Activity: With the pictures omitted, set down exactly the lines from the one that contains "Pico de Teide from Izana..." through the last line of the data.

Data listing: Begin

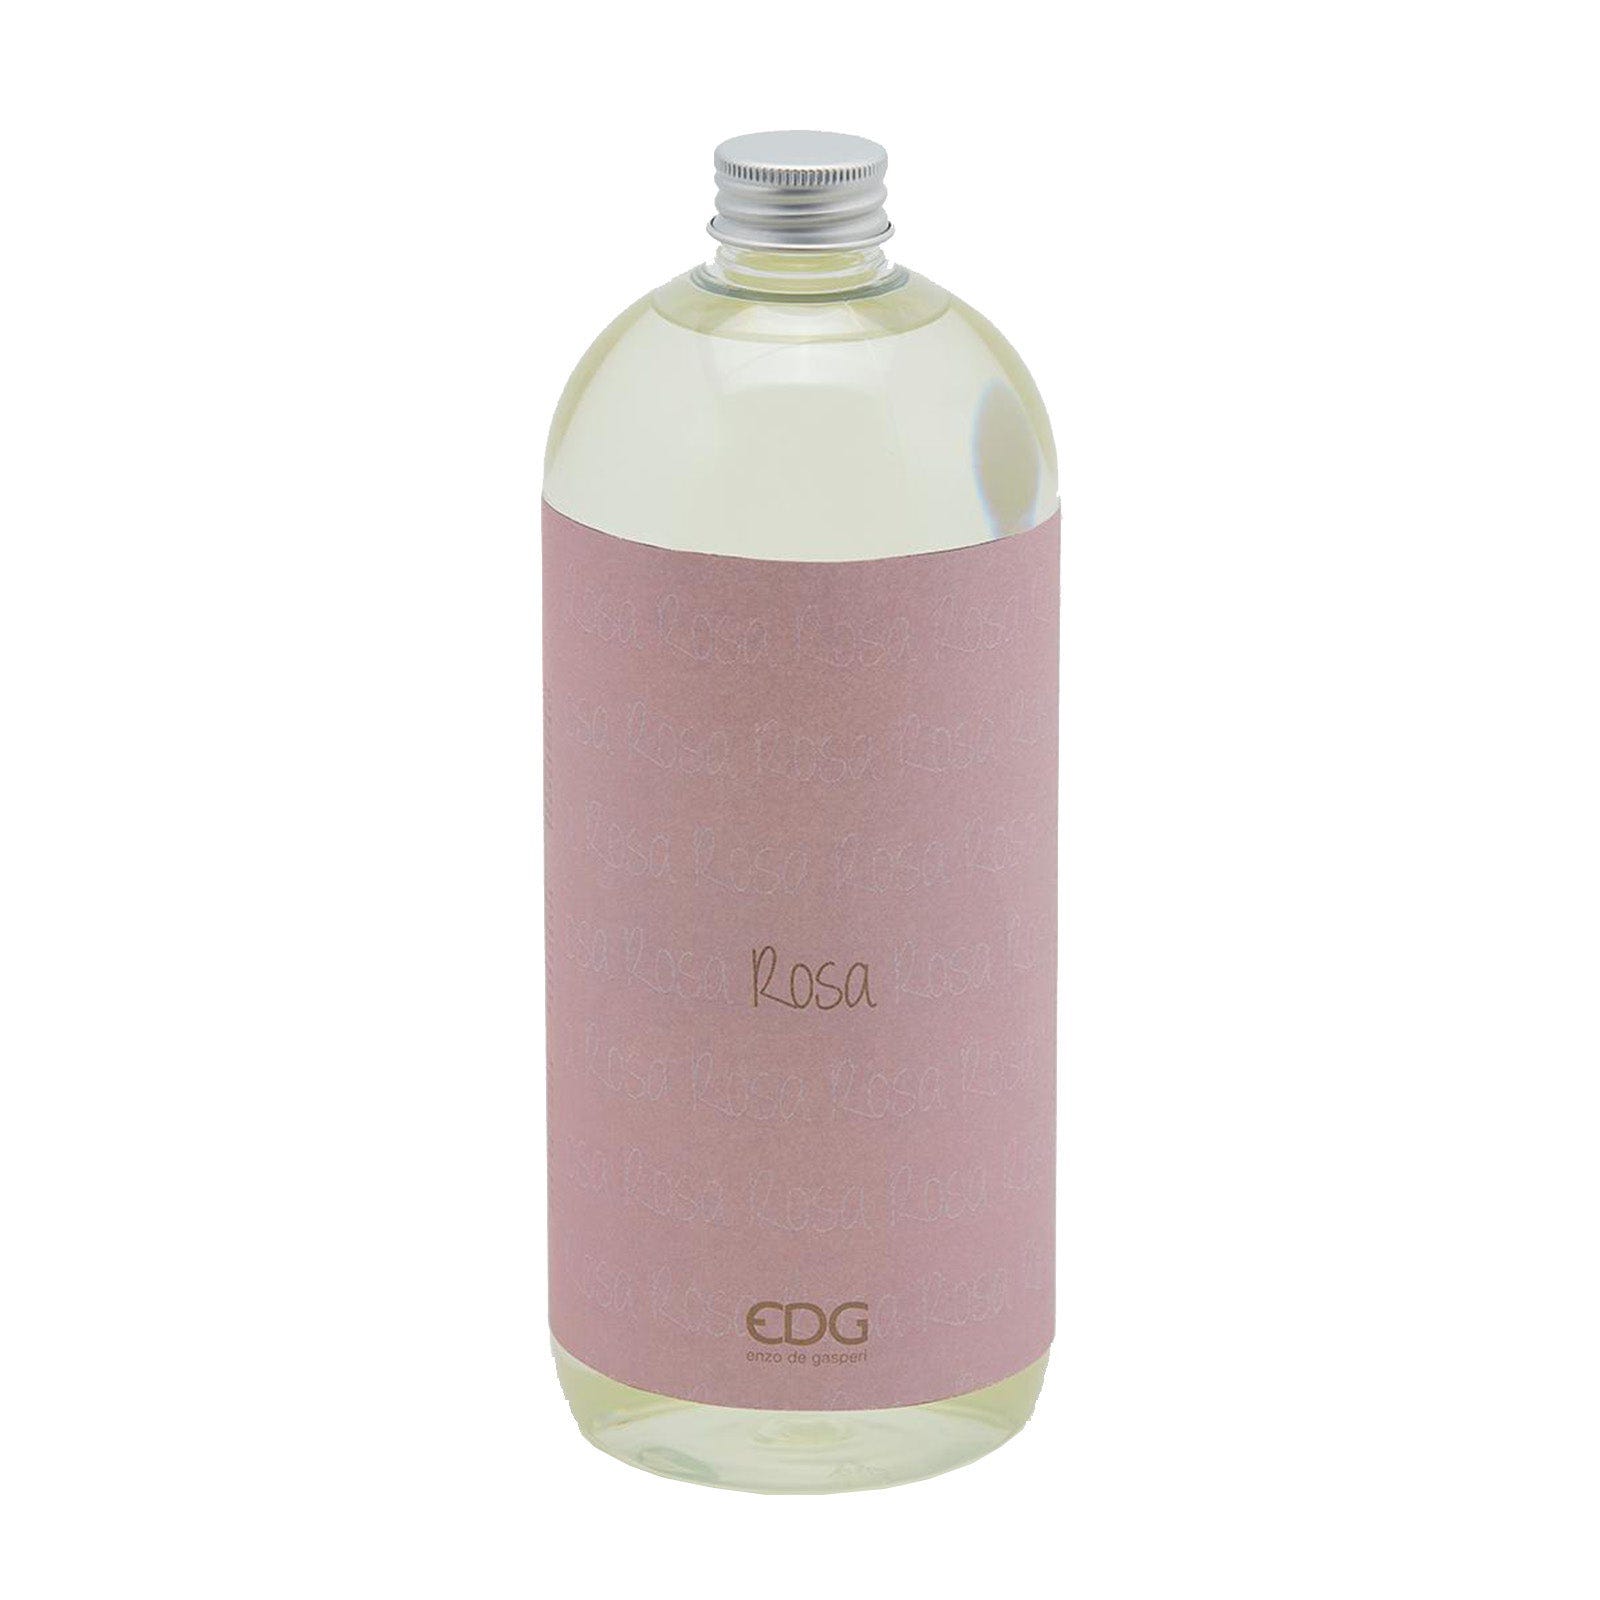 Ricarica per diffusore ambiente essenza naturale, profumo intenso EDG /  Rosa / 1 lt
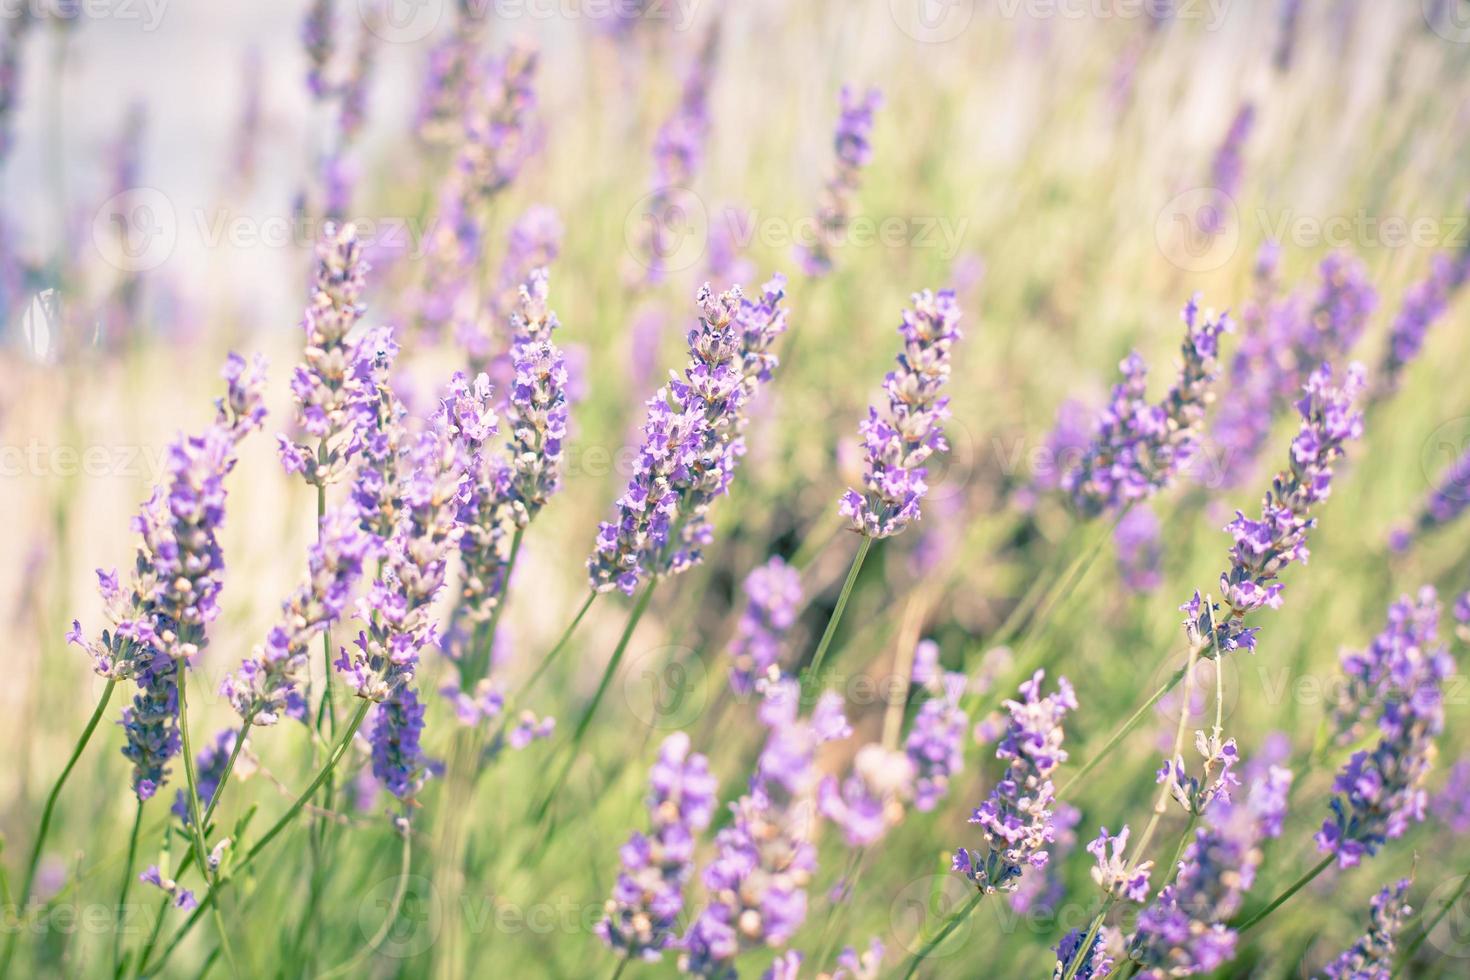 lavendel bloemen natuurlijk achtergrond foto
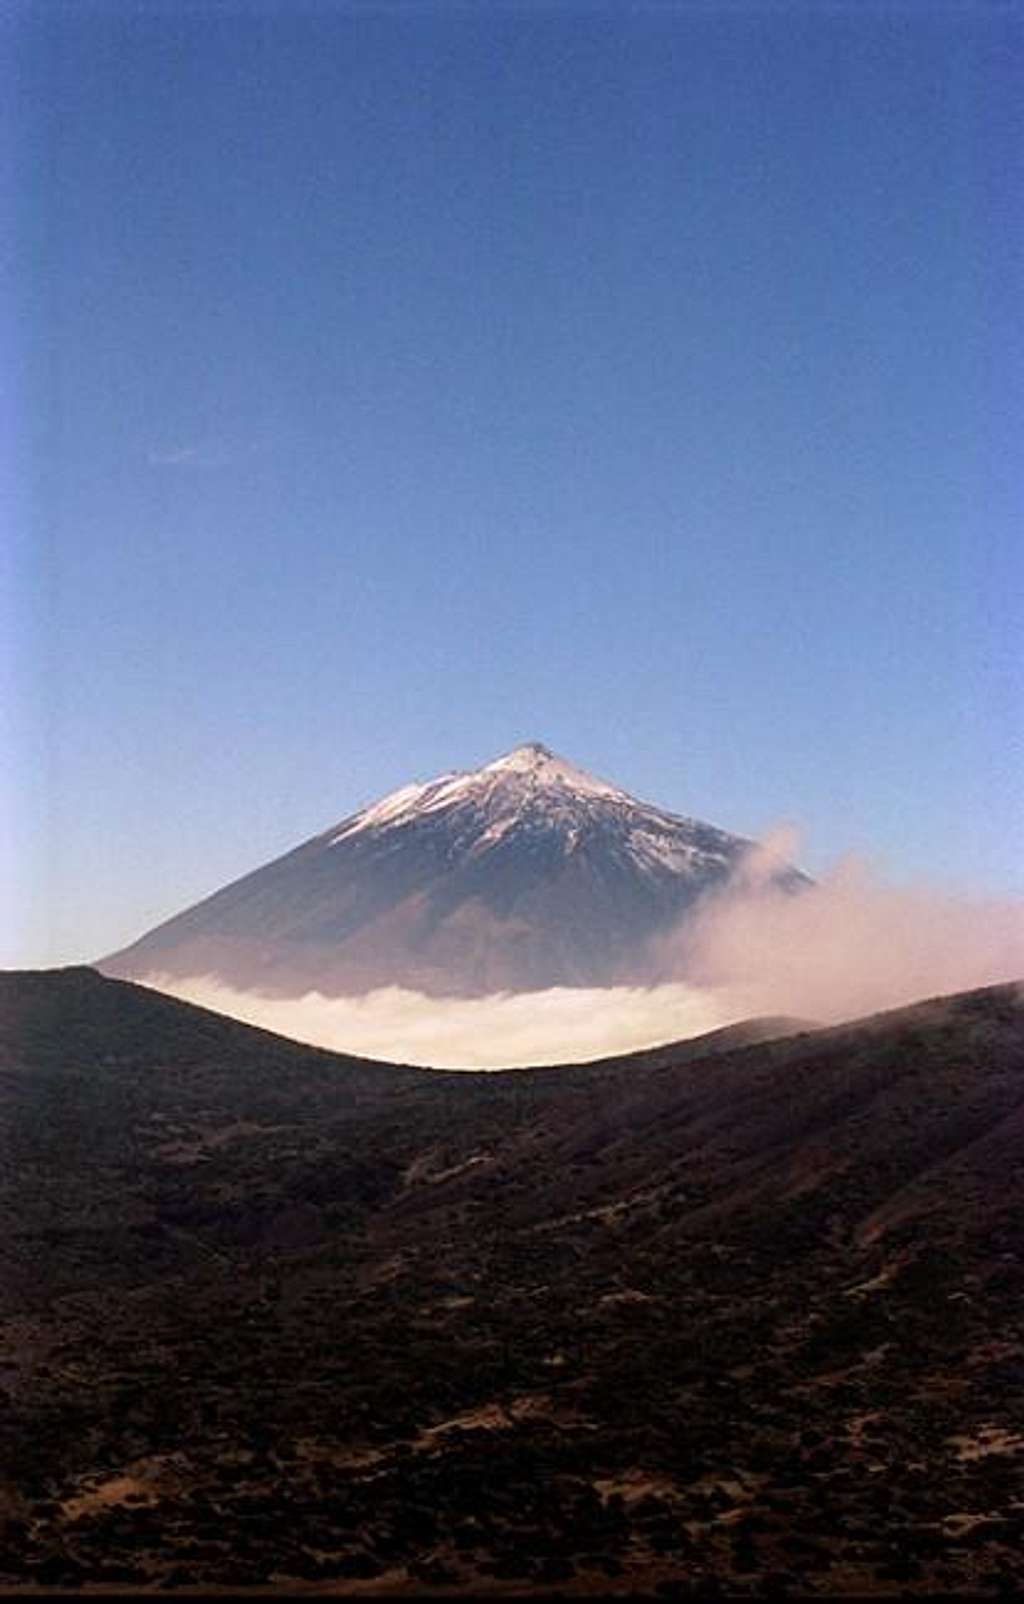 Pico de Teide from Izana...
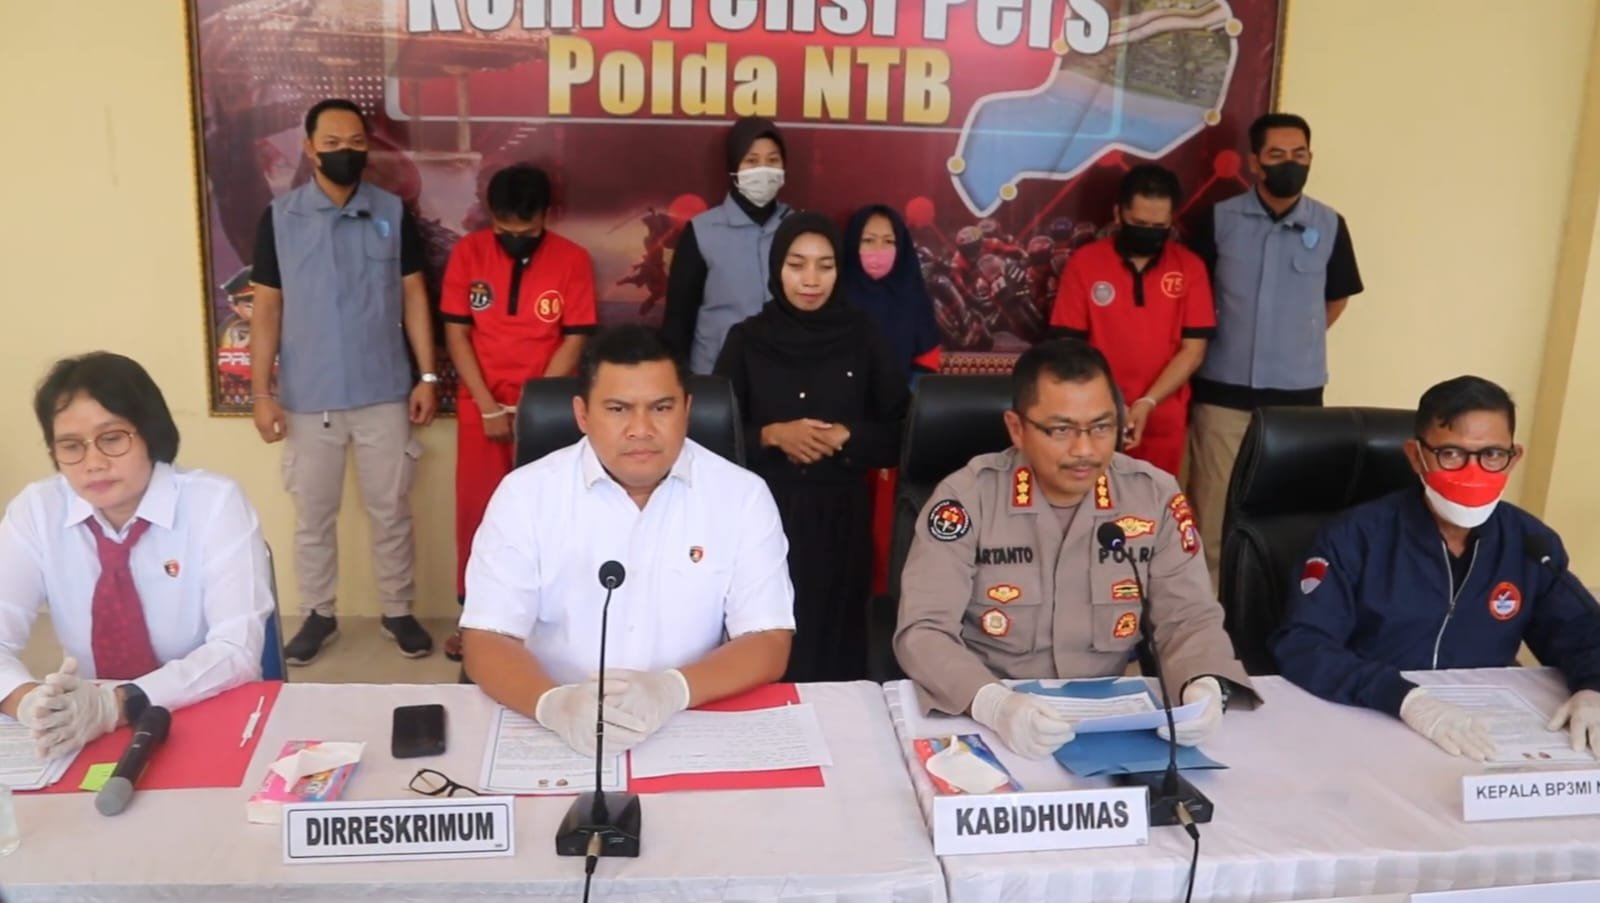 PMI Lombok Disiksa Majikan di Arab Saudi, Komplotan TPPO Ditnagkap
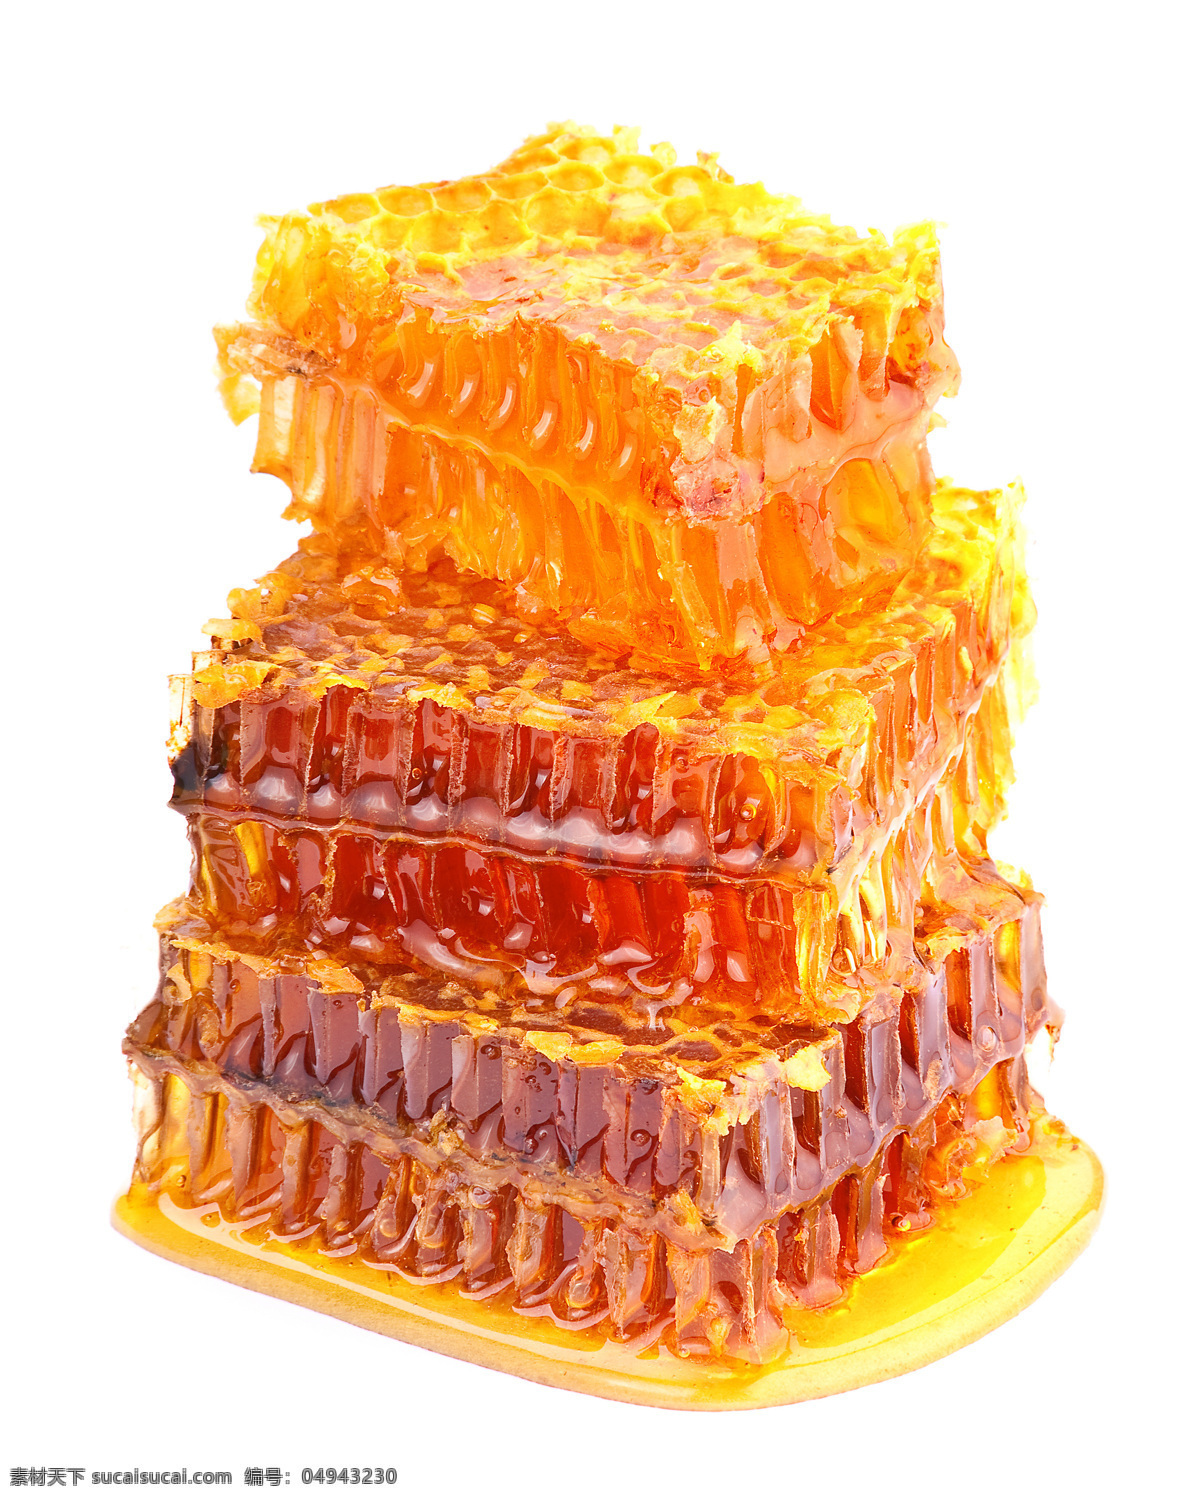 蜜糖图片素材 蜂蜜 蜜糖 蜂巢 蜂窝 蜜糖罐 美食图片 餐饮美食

Data listing: End

Problem solution:
 Pico de Teide from Izana...
 PMI Lombok Disiksa Majikan di Arab Saudi, Komplotan TPPO Ditnagkap
 蜜糖图片素材 蜂蜜 蜜糖 蜂巢 蜂窝 蜜糖罐 美食图片 餐饮美食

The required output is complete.